Draco turned his head toward her to take in her tightly wound frame, her clenched jaw, her strawberry blonde hair falling down her shoulders.  “Why that little—”

“What?” Harry asked.  “You think she wouldn’t say anything?”  He took a sip of his elven wine.  “She didn’t.”

“Then how did you—?”

“I know you, Vesper,” he told his once-sister.  “I know your patterns.  I know your handiwork.  You love casting stinging hexes on first year Slytherins.”  He glanced over his shoulder at her, his ocean blue gaze meeting her onyx one.  “You should really mix it up a bit if you don’t want to get caught.”

“Well, thanks for the advice, Harry—”

“Harrogate,” Snape corrected.  “We’ve had this discussion before.  In pureblood culture we use wizard’s correct names.  Mr. Potter is ‘Harrogate.’”  He looked at her firmly.  “But that is neither here nor there. What possessed you to attack the sister of one of your summer companions?”

“She’s a Slytherin—”

Snape held up his hand.  “That excuse no longer works for you, Vesper.  We’ve discussed your mother’s and brother’s prejudices.  You should not be holding yourself to such bigoted standards.”

“It’s tradition in Gryffindor to—”

“Then,” Snape said, “I will be petitioning the governors to remove you from such a house.  We’ve had this discussion before.”

“No!” Violet gasped.  “You cannot.  It’s my home!—My friends.—”

“Miss Patil will still be friends with you if you are in Slytherin, I am sure,” Snape placated.  “Now,” he stood, “I’ll be in the next room.”  He pointed his wand at Violet and murmured Expelliarmus! Her wand flying from her sleeve into his grasp.  “Don’t do too much damage, gentlemen.”

Harry wanted to groan.

This seemed almost antiseptic and he disliked it immeasurably.

Snape strode from the room, leaving a slightly terrified Violet behind him.  Draco stood with his wand in his hand.  “A stinging hex for a stinging hex,” he suggested.  Violet turned and ran in the other direction, but Draco caught her in the knee and she tripped, catching herself with her elbow.  Draco shot another hex out of his wand, this time catching her shoulder, and she slumped forward, trying to get away from the pain.

Harry watched dispassionately as his sister was tortured, not contributing, but toppling a chair she tried to climb up at one point.

When Draco had finally seemed to have enough, Harry went and got Professor Snape before he left the room, his stomach feeling slightly sour.

“You weren’t much help,” Draco noticed. 

“No.  She was trapped.  I don’t crush wingless birds,” he murmured, walking down the corridor before taking a corner.

Draco made a sound in the back of his throat.  “It’s so much easier that way.”

“Is it supposed to be easy?” Harry asked sincerely.

“Perhaps not,” Draco agreed up to a point.  “It can be fun.”

Harry looked at him out of the corner of his eye.  “How far would you have taken it?”

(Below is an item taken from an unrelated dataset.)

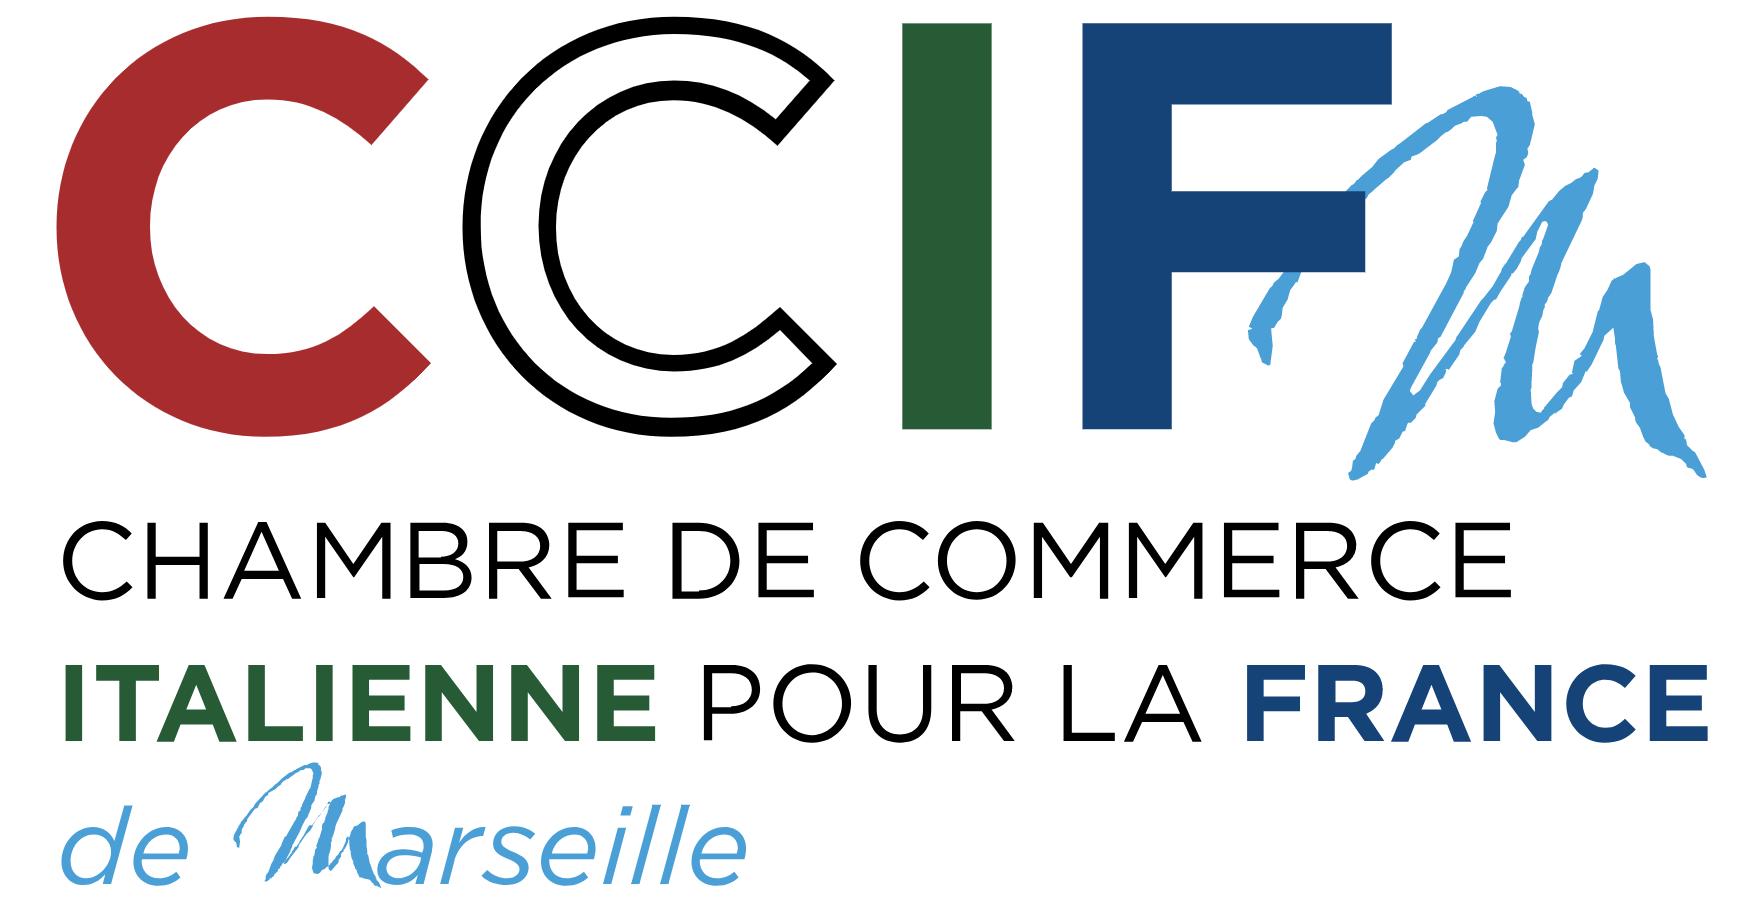 Chambre De Commerce Italienne En France

“Honor would only allow so far—”

But Harry knew that was only a non-answer.  There would be situations when honor would not be in play, when Muggles and not wizarding children would be the targets.  How far would Draco go then?  How long would the torture last?  How creative would it be?  Would Draco forgo his wand and use his hands and other natural talents?  Would he sully his blood to punish a Muggle and leave a child behind?  Would his ring let him?

Harry’s ring had let Lord Roman kiss him—how? why?  He still didn’t know.  It confused him.  Lord Roman could never be his husband, so it could not be that… then what?

A letter to The Pumpkin Carriage was in order.